Я сын благородного и гордого, но обедневшего шотландского землевладельца, и мой отец учил меня никогда не упускать из рук то, что само в них попадет. Будьте уверены: я никогда не расстанусь с тем, что стало моим.
— Я не ваша.
— Вы были моей все эти годы.
— Перед обручением вы сказали мне, что делаете это только потому, что считаете себя моим должником, — напомнила Даниэлла. — Потому что в противном случае Эдуард выдал бы меня замуж за сэра Андерсена. Вы объяснили мне, что обручение поможет защититься от всего плохого, что может причинить мне король. Вы предоставили мне полную свободу. Если вы сейчас думаете… — Даниэлла сердито замолчала, так как Адриан разразился громким смехом.

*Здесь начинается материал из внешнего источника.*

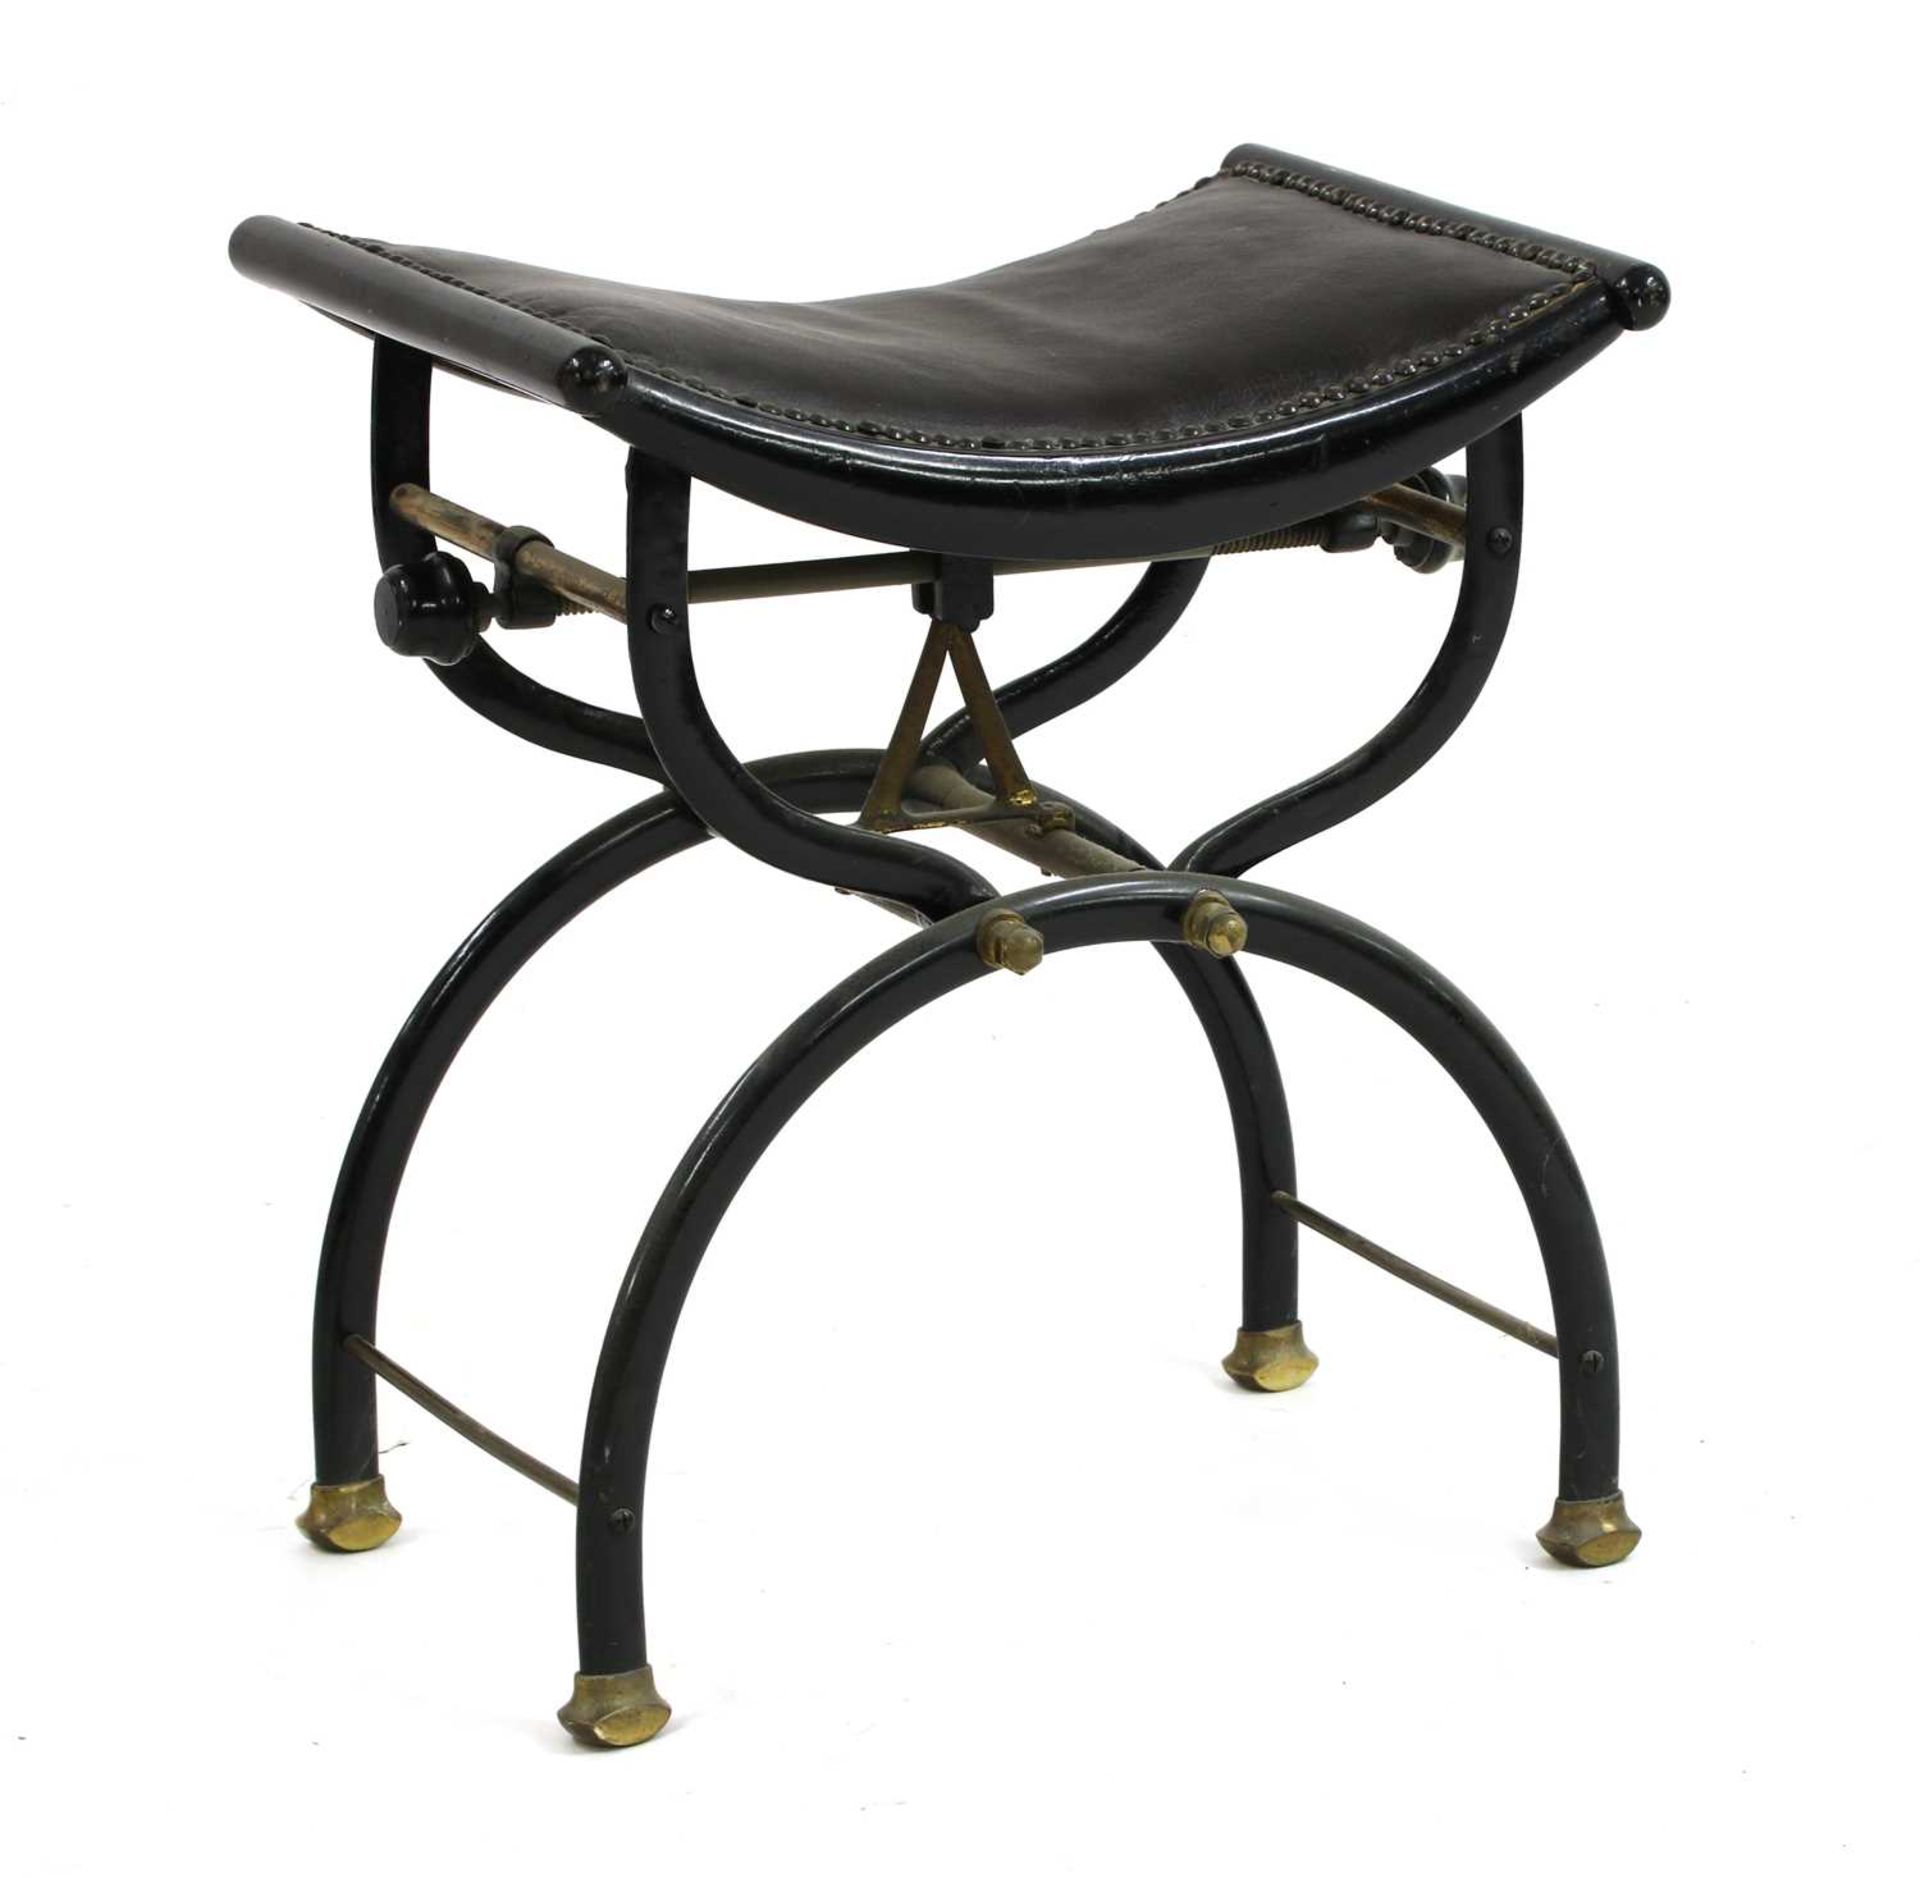 C H Hare & Son Patent stool, - Image 3 of 3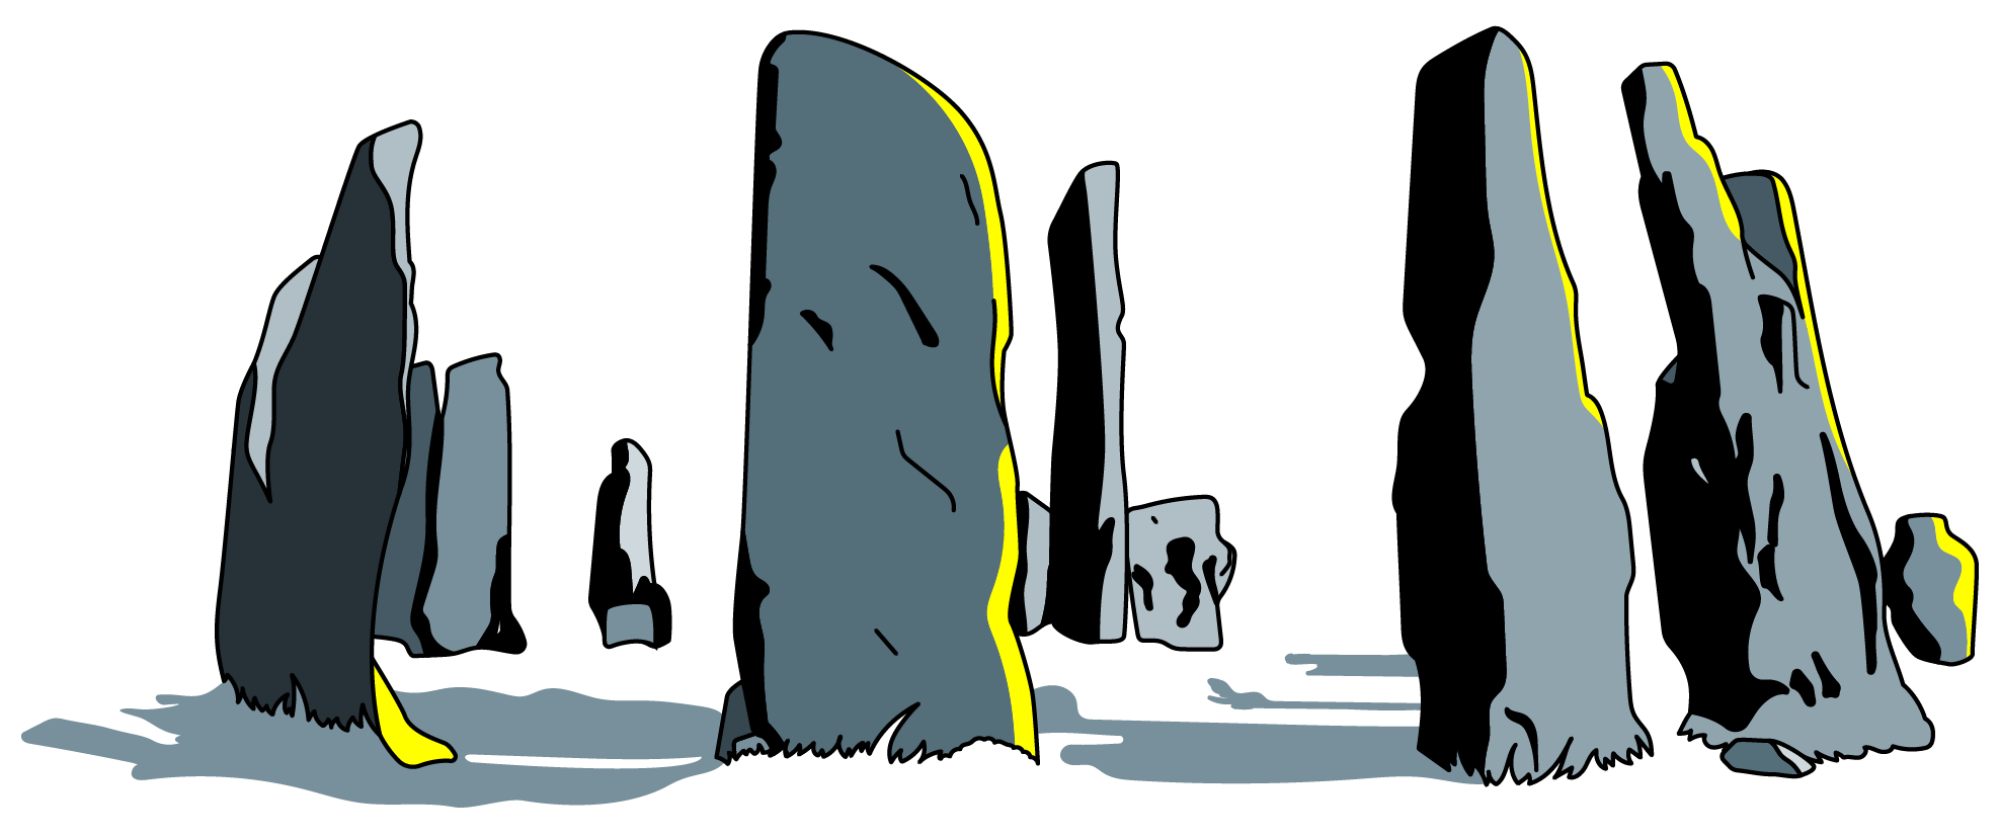 Illustration of the standing stones from "Outlander"

— Ах, миледи! — воскликнул он, давясь от хохота. — Теперь я понимаю, почему вы сейчас закусили удила! Вы решили, что смерть Джоанны отняла у меня остатки разума и что я позволю вам вечно оставаться в одиночестве!
— Но вы не ограничивали меня каким-то сроком.
— Я предложил вам несколько лет свободы, и вы получили их. А теперь ваша свобода начала беспокоить многих порядочных англичан и ту часть гасконцев, которые преданы королю Эдуарду. Ходят упорные слухи, что вы собираетесь замуж за вашего благородного француза.
Даниэлла с тревогой почувствовала, что ее щеки заливаются румянцем. Она беспокоилась за Симона, он нравился ей, но она не сделала ничего дурного, что заставило бы ее краснеть. Надо же было случиться такому, что она стала пунцовой, словно совершила первородный грех! Девушка закусила губу от досады, затем сделала глубокий вдох и выдох, чтобы успокоиться и вновь обрести невозмутимый вид.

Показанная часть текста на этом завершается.